Зная, что мы слабы и ходим на помочах великих, посмею и я сослаться на Александра Исаевича Солженицына, но цепочку он тянет оттуда, из дореволюционных времен.
«Нельзя создать правового государства, не имея прежде независимого гражданина» (П.А.Столыпин) – и – «Независимого гражданина не может быть без частной собственности» (А.И.Солженицын).
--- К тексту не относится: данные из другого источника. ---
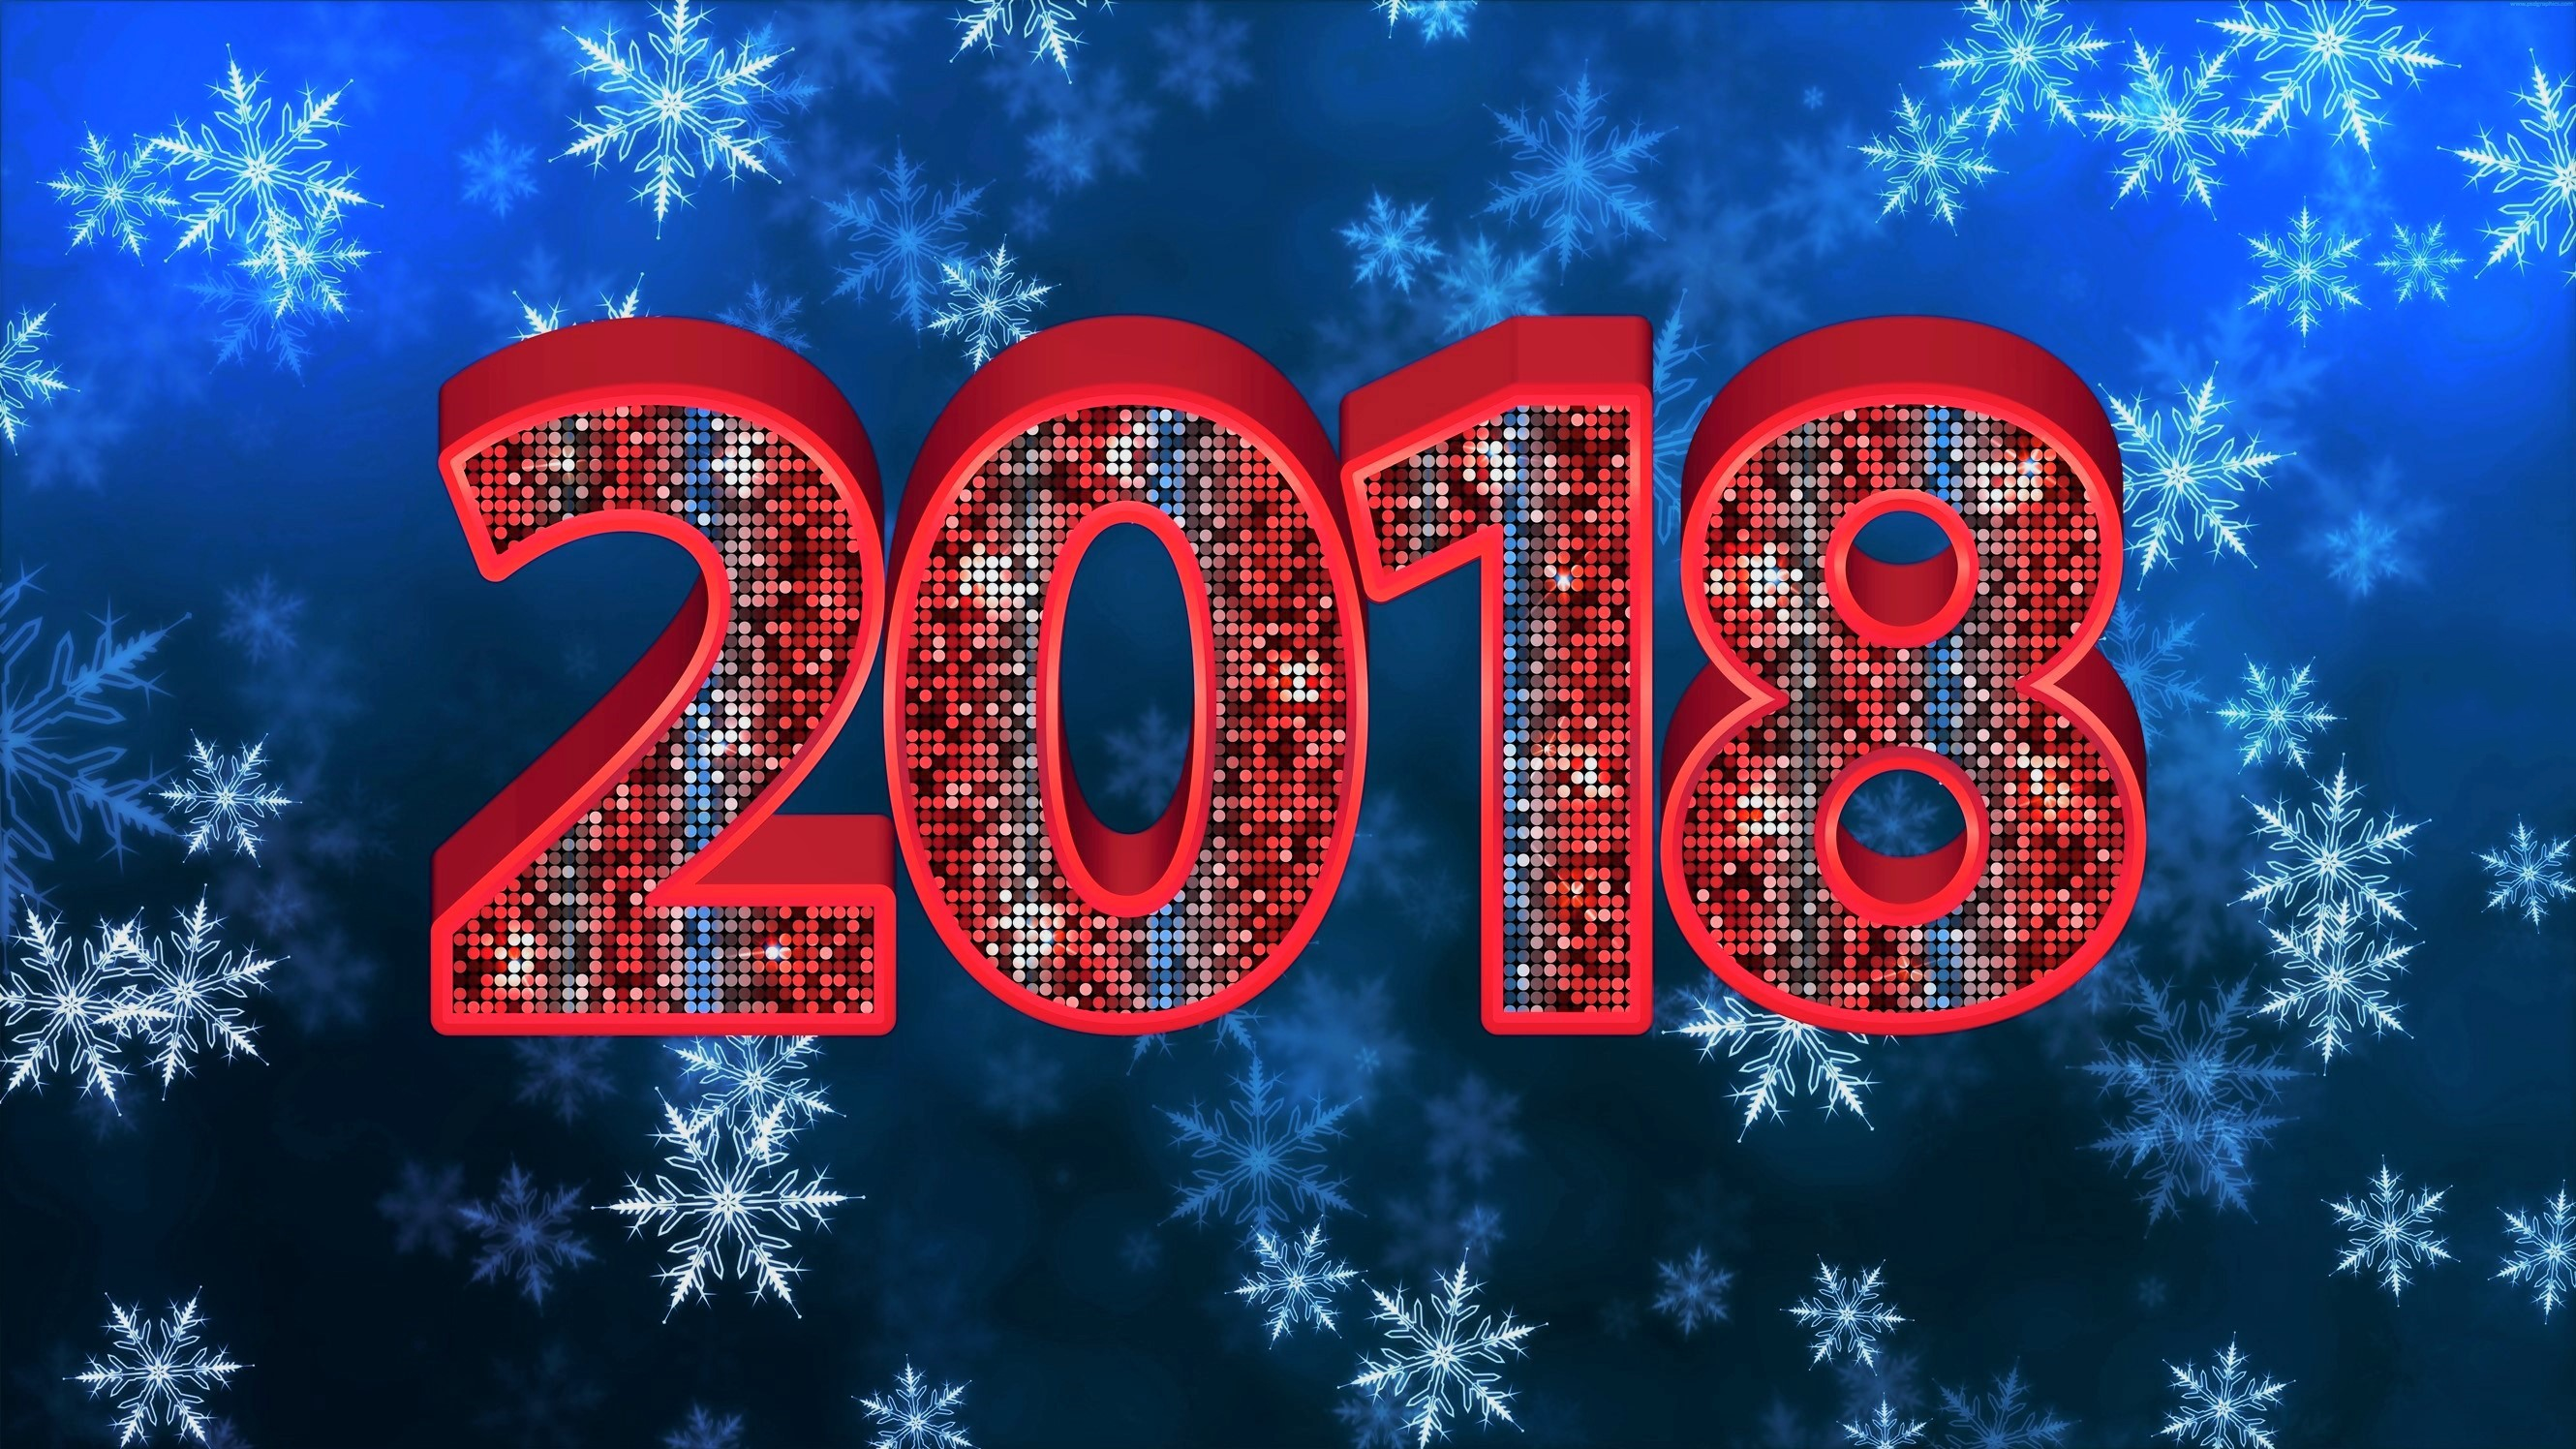 Blue Holiday New Year New Year 2018 Red Snowflake 2660x1496

Чтобы поддержать голос, идущий из Вермонта, мы дали возможность на страницах провинциальной газеты высказаться лучшим ее авторам, но поступили при этом скромно – пошли следом за создателем трактата «Как нам обустроить Россию». Мне довелось подвести черту под этим недежурным разговором, я назвал итоговую статью «Возвращение к ладу», и я вдруг подумал о риторичности моих и наших посылок. И вот почему. Из положения лиц, умеющих строить фразу и сочинить статью о нравственном долженствовании, собрать бы силы и перейти в лица, созидающие дело.
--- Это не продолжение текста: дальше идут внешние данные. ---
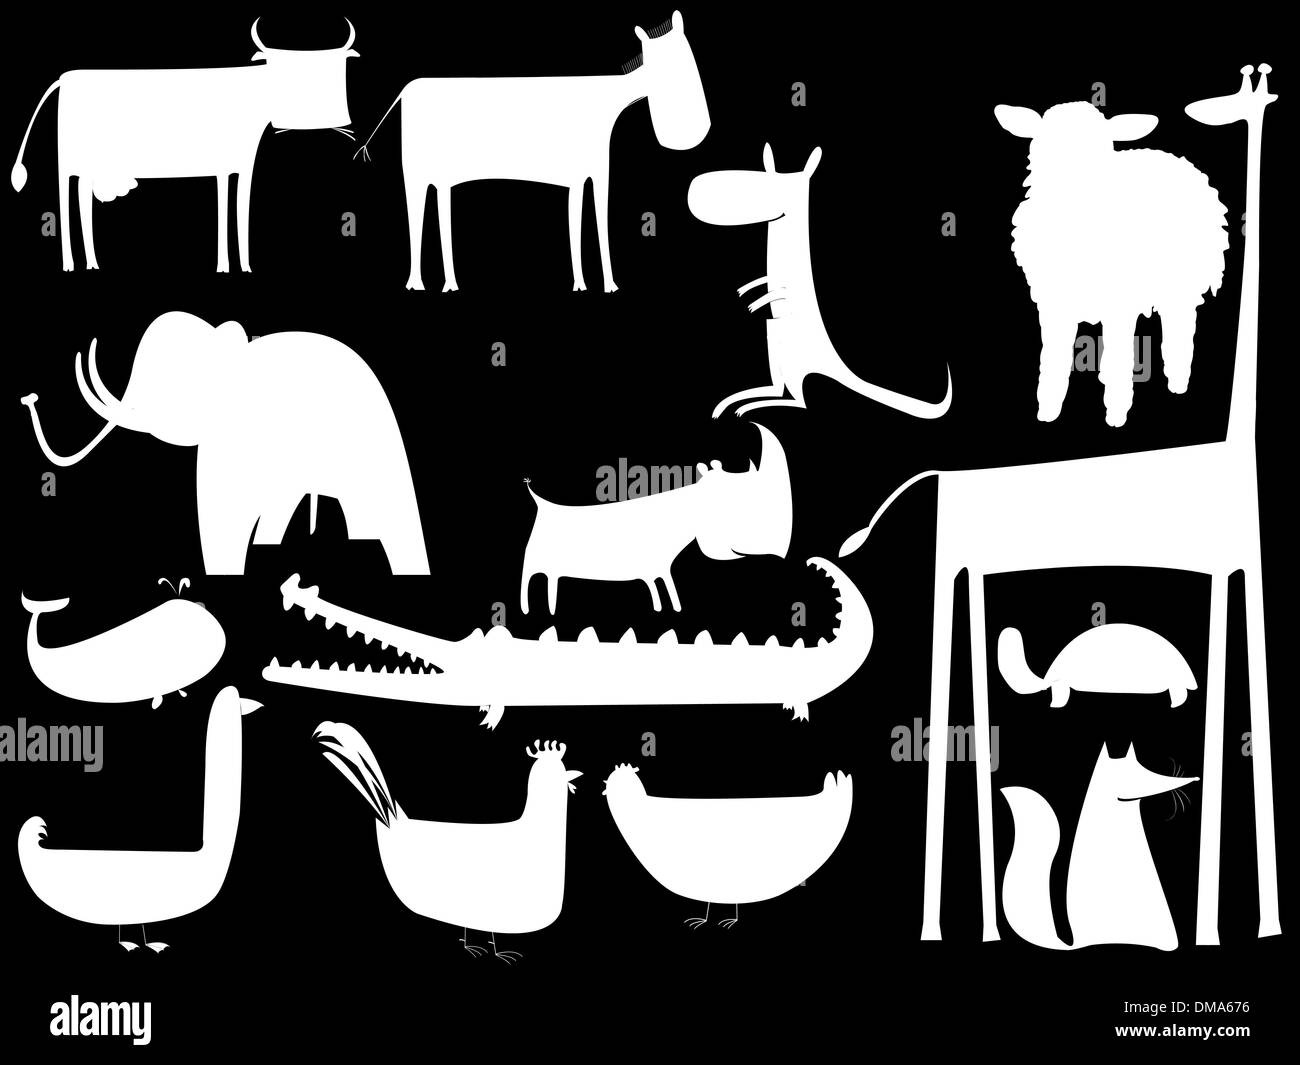 animal white silhouettes isolated on black background Stock Vector

Слово, разумеется, тоже дело, если это слово сильное или изысканное. Но можно поступиться словом, хотя бы временно, если обстоятельства позволяют вернуться к собственной елани (деляне) или в подеревную.
Сподобился я добыть кусок земли уездной вместе с домом. Чтобы купить дом, пришлось влезть в долги. Но опоздал, кажется, и я взять должное в нынешний сезон. К тому же весна в Верхнем Поволжье отстояла с тяжелыми дождями.
Легко говорить: «обустройство России надо начинать с себя, со своей деляны, с избы или хутора», но трудно и тяжко воплотить это в жизнь, тем паче, если чиновник, воспитанный в лоне чудовищной государственной машины, не умеет быстро вырешить в пользу частного лица положенное этому частному лицу. И пока с державных трибун раздаются голоса обанкротившихся идеологов, зовущих пойти туда, не зная куда, найти то, не зная что, мы будем пребывать в межеумочном состоянии. Образованцы, возглавившие Советы в глубинке, все еще и мысли не допускают о том, что русский должен стать собственником и, следовательно, частным лицом. Да оно и понятно, в частной собственности есть главная оборона свободы частного лица.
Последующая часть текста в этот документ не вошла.